I love a woman with an appetite. I’ve sat across from too many girls terrified of food, watching them chase lettuce around a plate with a wary eye, as if calories could navigate the air between food and their mouths. My sister, Briar, has fought hard against being one of them, but it’s not easy. You can’t be a star of the West End and not have some fuckwit journalist think they’re entitled to comment on things they have no right to. Once the media fixes its eye on you, everything—your body, your family, your life—is always the subject of their speculation.

Another hurdle I’ll have to cross with Rachel. I want her in my life beyond this week; but that would mean throwing her straight into the world Briar and I already live in. One public appearance together and it would be all on—the cameras, the headlines, the speculation. Would she meet it with the same ‘don’t give a fuck’ attitude she’s showing now? Or would the glare chip away until the confident woman I see in front of me was just a shadow? I don’t think I could live with being the reason she broke.

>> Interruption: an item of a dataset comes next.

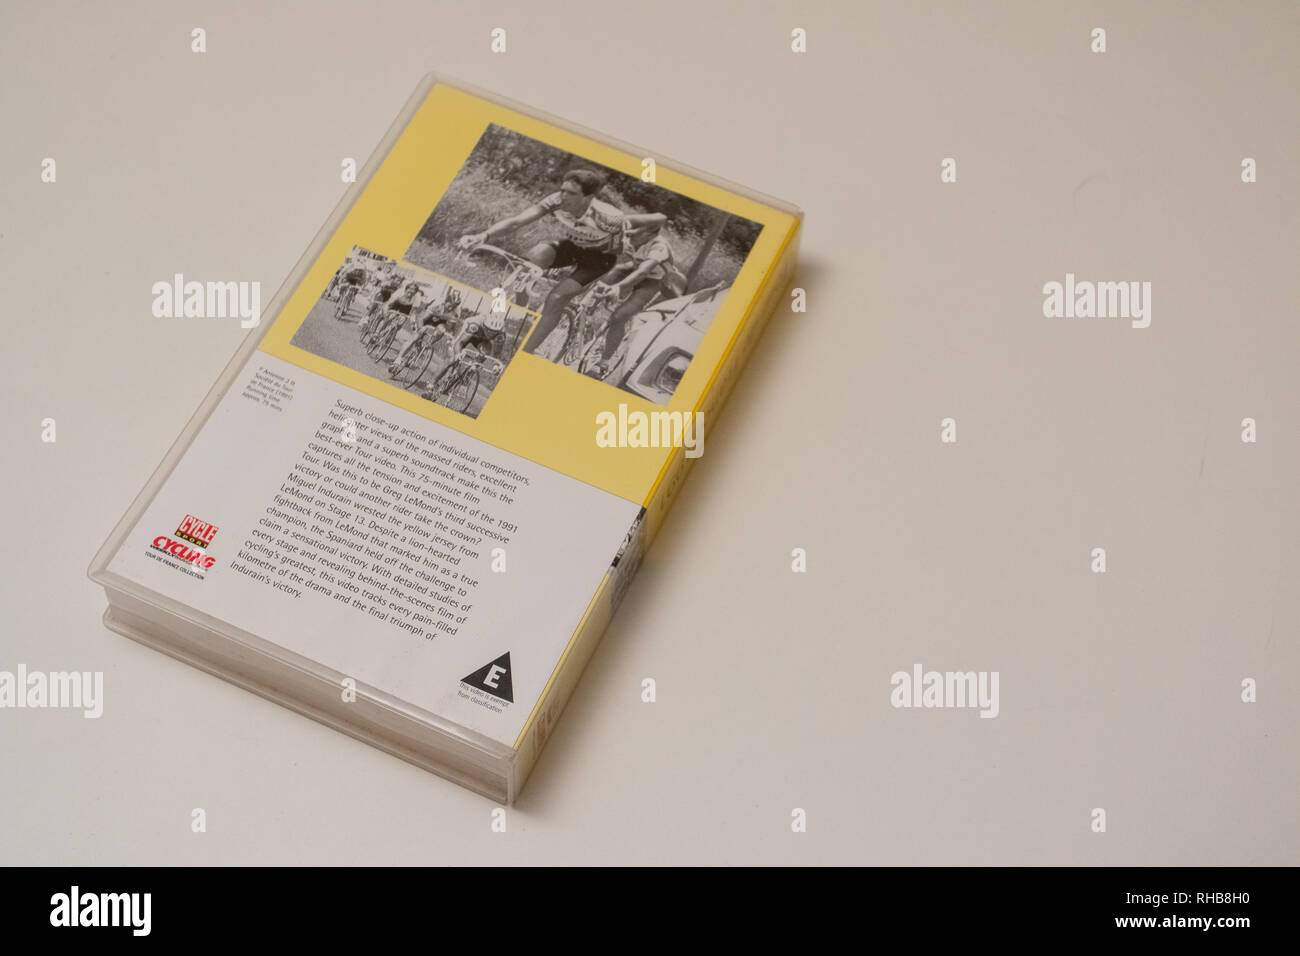 VHS tape of the 1991 Tour de France Stock Photo

It’s selfish to want her anyway—selfish to ask her to sign up for that life just so I can keep her in mine. The press has crushed tougher people than Rachel MacDonald. But maybe Hollis has done me a favour. His latest shitty stories have already slapped my past in front of her. She’s not naïve; she knows if she were with me, it would be her face in the photos, her name in the headlines. I need to trust her intelligence. If Rachel dives into the deep end with me, she’ll do it knowing exactly what sharks are lurking in the water.